Model 1: Exponential Smoothing (12 points)

Keep the last 12 months as a holdout (validation) data set, and the remaining data as a training set.

Set the number of forecasts to 12.

a. (3 points) Create and attach the time series plot of the number of monthly transit rides. Does this time series exhibit trend and/or seasonality?

b. (9 points) Based on your answer in part a, identify the best exponential smoothing model with appropriate smoothing constant.

i. (5 points) Attach the StatTools report. Also, include a plot of the predicted volume and actual over time.

ii. (2 points) What are the RMSE and MAPE of the model based on the holdout data?

iii.(2 points) What are the predicted ride volumes for June 2017–May 2018?

Model 2: Regression Models (18 points)

Keep the last 12 months as a validation data set, and the remaining data as a training set.

a. (10 points) Build a regression model with trend and seasonality.

i. (6 points) Attach the StatTools report including regression equation. Also, insert a plot of the fitted values and the actual values over time.

ii. (2 points) Compute RMSE and MAPE of the model based on the validation data.

iii. (2 points) What are the predicted ride volumes for June 2017–May 2018?

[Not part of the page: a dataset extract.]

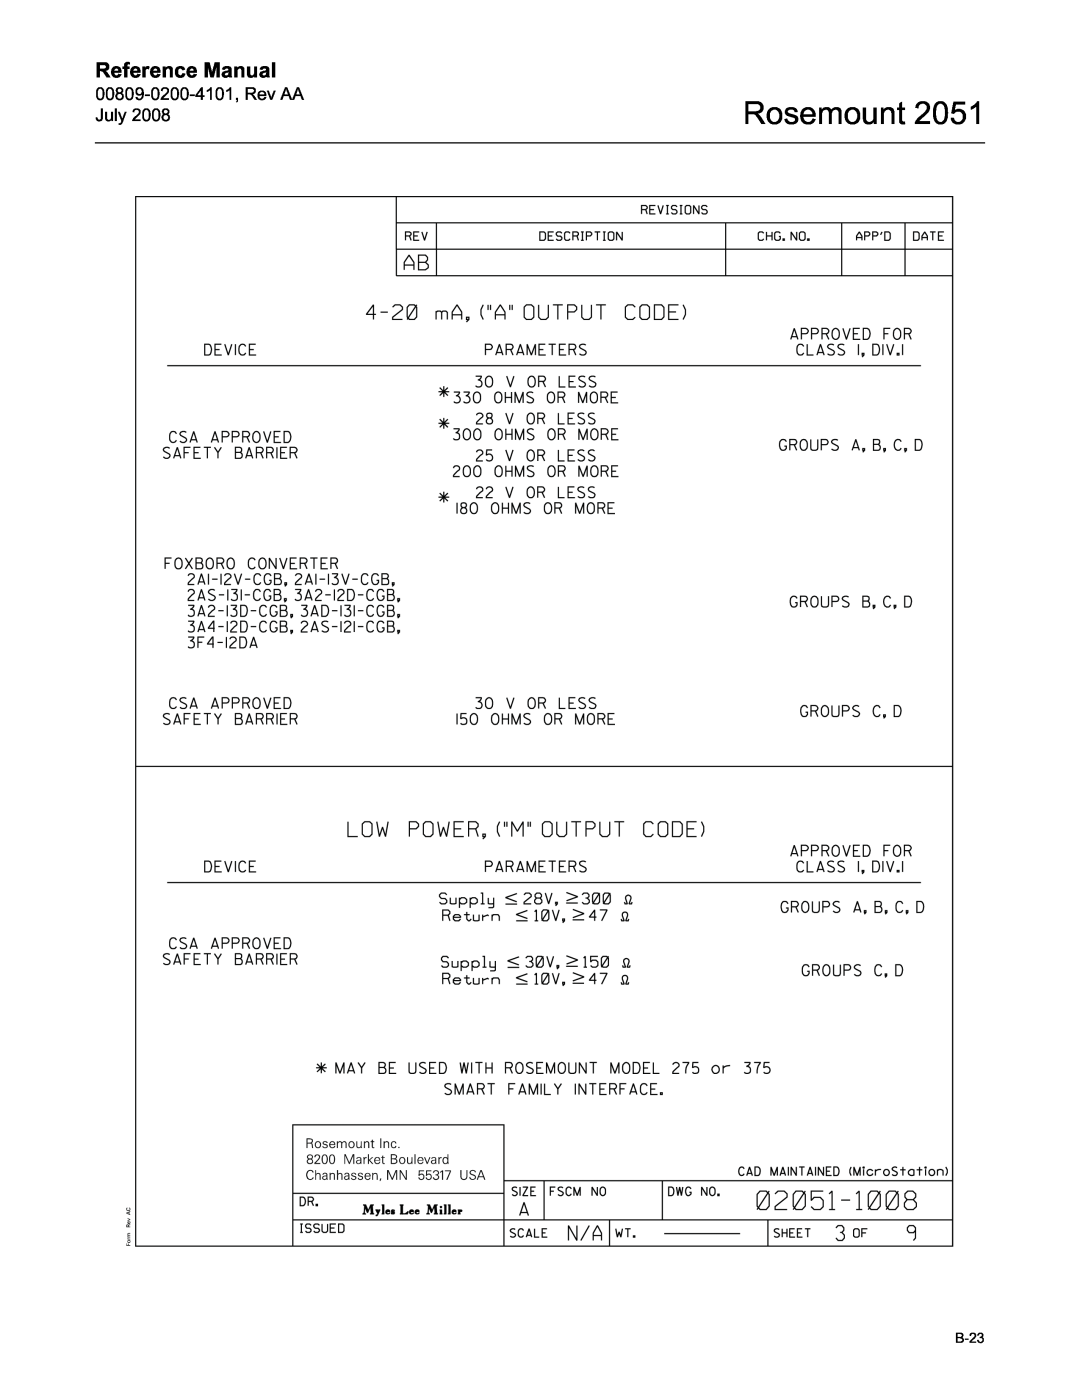 Emerson Process Management 2051 manual Rosemount, Reference Manual, B-23

b. (6 points) Suppose that we think weather impacts ridership. We have collected data on the highest temperature for each month in the dataset. Build a regression model with trend, seasonality and highest temperature.

i. (2 points) Attach the StatTools report including regression equation. Also, insert a plot of the fitted values and the actual values over time.

ii. (2 points) Compute RMSE and MAPE of the model based on the validation data.

iii. (2 points) Suppose the high temperature is 85 degrees in June 2017. What is your prediction for June 2017? Show how you got there.

c. (2 points) Which model is the best (your exponential smoothing model and two regression model)? Explain your answer.